他又核对了第二次重置时看到的校服女生是站在104门口还是105门口——程序员说是104门口,她站在门框边缘,背对着走廊的光,只能看到侧影。林北又确认了第四次重置时有没有在走廊地板上看到过刻痕,程序员说没有,地板上是白的,只有墙上和门上有。林北把这些确认项全部录进终端。然后开始挖苏晓晓没提到的细节。
“你第二次重置看到那个校服女生的时候——她有没有跟你说话?”
“没有。她只是看了我一眼,然后退进了转弯处的阴影里。我追过去的时候她已经不见了。”程序员想了想,“但她在退进去之前做了一个动作——她推了一下眼镜。但她没有戴眼镜。”
“还有别的吗?任何你觉得不太对劲的细节——声音、温度、地板震动、灯光闪烁频率。”
程序员沉默了很久。他用流血的手指在书页上无意识地划着圈,然后停了下来。“她退进去的时候,走廊里的灯闪了一下。不是那种规律性的闪烁——是单独闪了一下,像是有人用手电筒对着灯管照了一下。然后她就消失了。我当时以为是自己眼花了。但后来每次循环里,只要走廊里的灯单独闪一下,下一次重置就会来得更快。不是时间到了的强制重置——是提前触发。有人在手动控制重置。
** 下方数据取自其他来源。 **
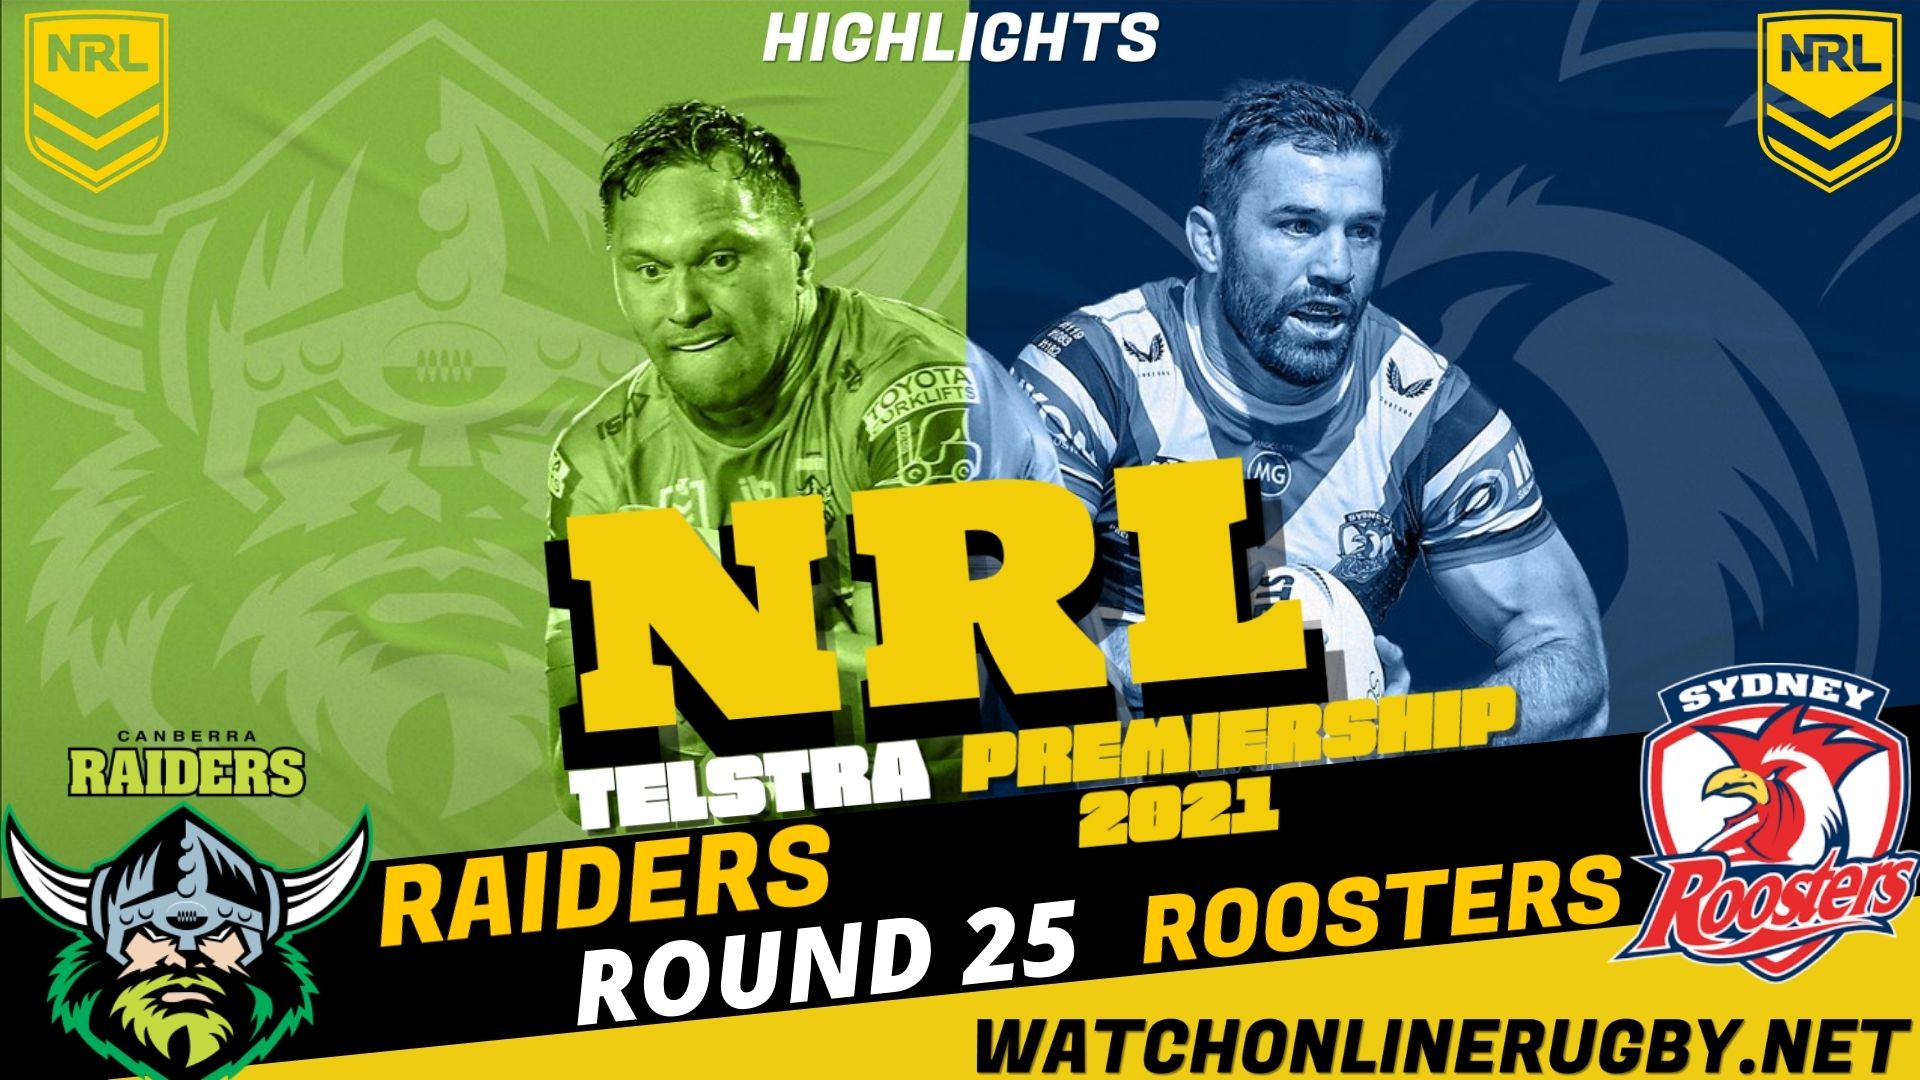 Raiders Vs Roosters Highlights RD 25 NRL Rugby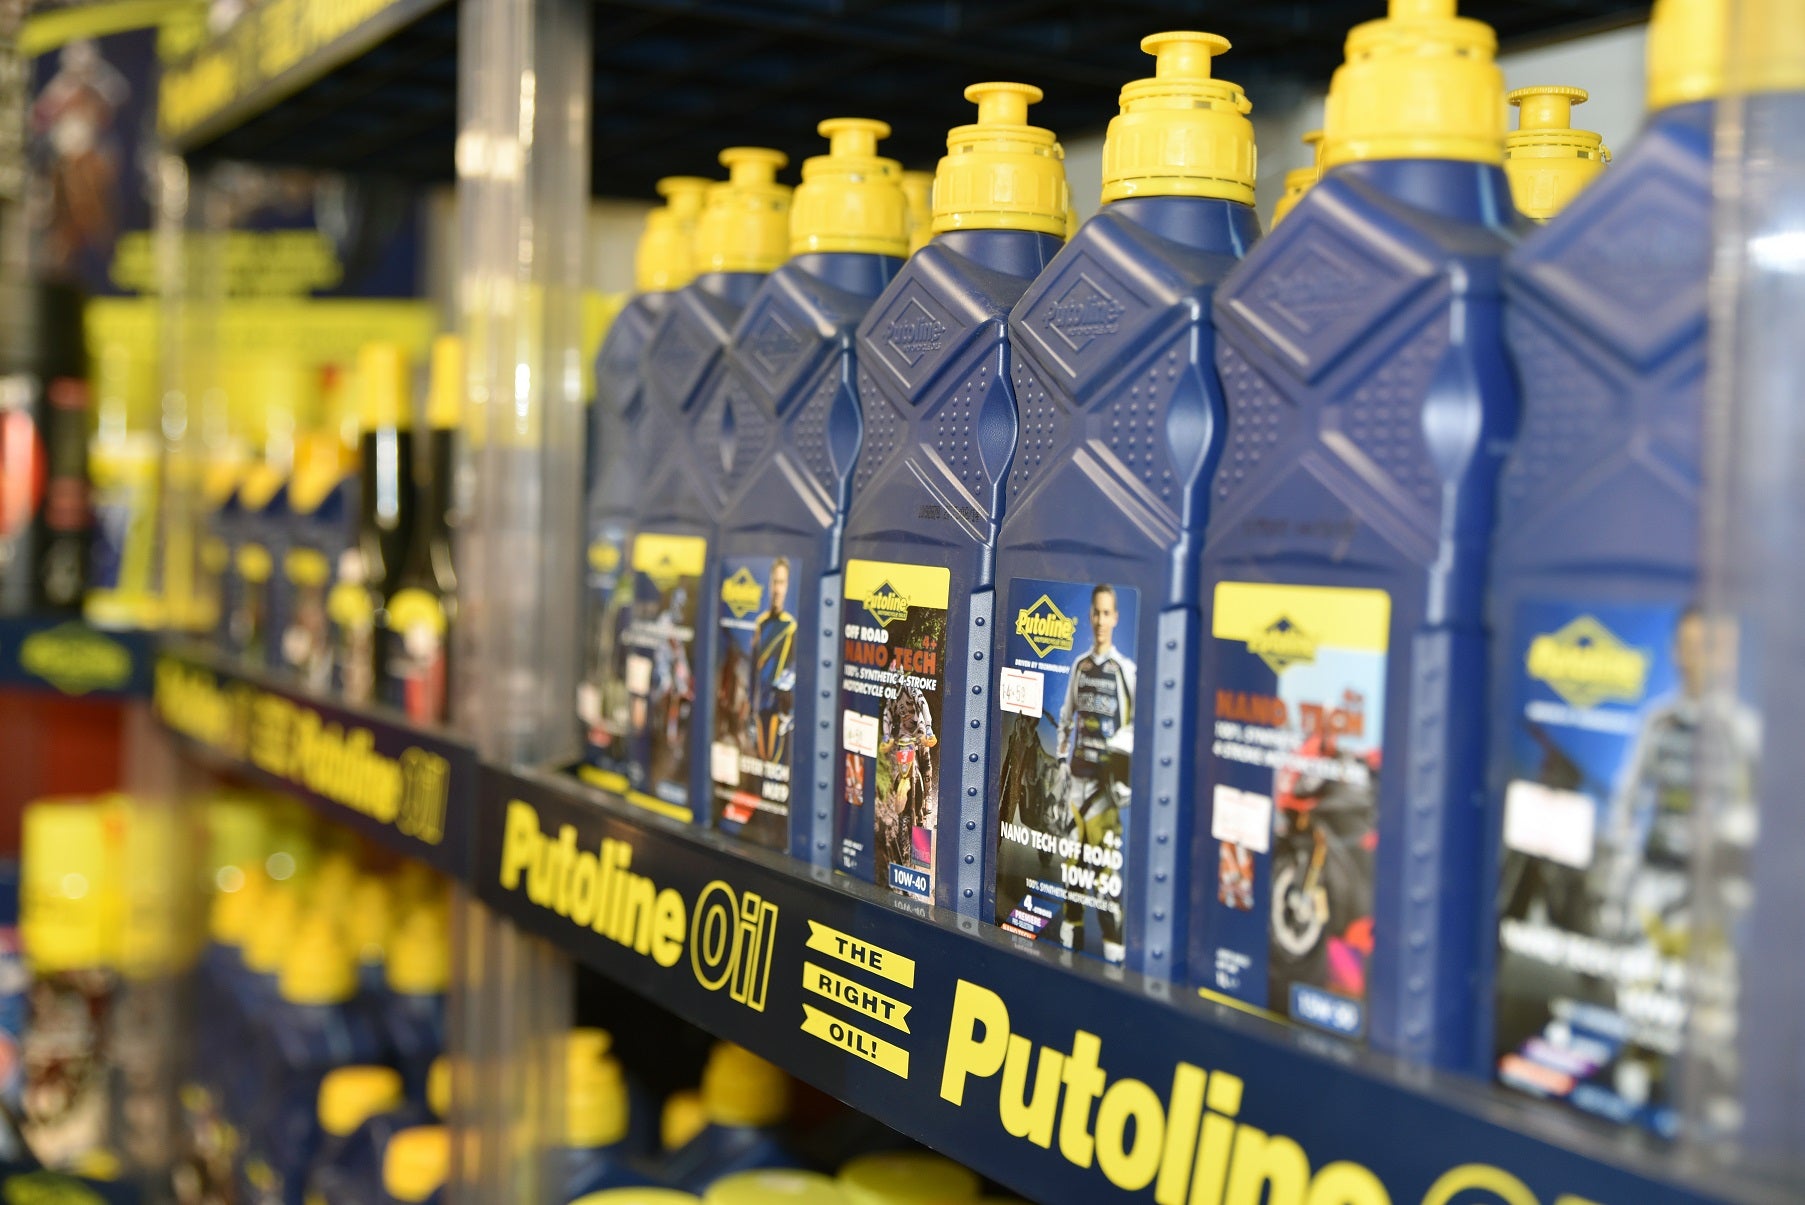 Driven by Technology - Putoline Oils

”
林北把这个信息单独标记——苏晓晓触发重置的方式是翻开手册在某一行上划一道,走廊里的灯会瞬间加速闪烁。她触发重置时灯是全频闪烁,不是单独闪一下。单独闪一下是另一个人——可能是CN-0000-0001,也可能是那个偏差的自己。他把这条线索存进脑子里,然后站起来,拍了拍膝盖上不存在的灰尘。“行。数据够了。你的手指需要包扎吗?”
“不用。反正下次循环还会重新长出来。”程序员看着自己流血的手指,语气很平静,“你已经知道怎么出去了。为什么还回来?”
“因为第一次循环的目标不是通关。是收集所有能收集的数据。你的数据我已经拿过一次了——这次是来确认有没有遗漏。顺便告诉你一个好消息:你的记忆被重置磨损了,你把第一次和第二次的顺序记反了。不是你老了——是空洞在每次重置时吃掉了一小部分记忆。最旧的记忆最先被吃。所以你不记得自己第一次进102干了什么,但记得第五次进来时手指是怎么断的。”
“你怎么知道?”
“有个观测者告诉我的。她在手册上记录了你的每一次循环——比你自己记的更完整。”
程序员沉默了片刻。他低下头看着自己流血的手指,嘴唇动了几下,像是在回忆什么。“观测者——你说的是那个校服女生?我在第二次重置时看到她在104门口推眼镜,动作很轻,像是在调整不存在的镜框角度。她手里拿的不是规则手册——是一个本子,翻开的页面上密密麻麻全是字。我当时以为是她的攻略笔记。现在回想起来——那页纸上写满了名字和时间。不是攻略。是观测记录。”
他抬起头。“她是不是穿着校服?”
“对。”
“戴眼镜?”
“不戴。但会做推眼镜的动作。”
“那就是她。她在记录每一个进入者。我第一次看到她在104门口的时候,她正在看我。我以为她是另一个被困在这里的人,没有多想。后来再也没见过她——直到第五次重置,我在走廊尽头转弯处看到了地上有一行字,不是刻痕,是铅笔写的,很淡,写着‘程序员第三次重置数据有误,左脸先模糊,不是右脸’。我当时不明白这句话是什么意思——现在我明白了。她一直在纠正我的记录。”
林北把这些信息存进终端。“她还托我给你带句话——你的贡献比你自己以为的要大。”
程序员沉默了很久。然后他低下头,把脸埋在膝盖之间,肩膀轻轻抖了一下。不是哭——是笑。一种很轻的、像是终于卸下什么东西的笑。“她还说了什么?”
“她还说你不知道自己提供了什么——你只是把五次重置的经历写在了书上,但正是这些数据让她完成了第一次数据交叉验证。你的观测数据和她的记录可以互相印证,填补彼此的盲区。”
程序员没有回答。他把手里那本书翻到最后一页——那里有一栏空白的备注区。他用流血的手指在备注区写了一行字:“第六次重置——不试了——但有人告诉我我的数据有用。”写完这行字之后,他把书合上,放在膝盖上,闭上眼睛。呼吸变得平稳了一些。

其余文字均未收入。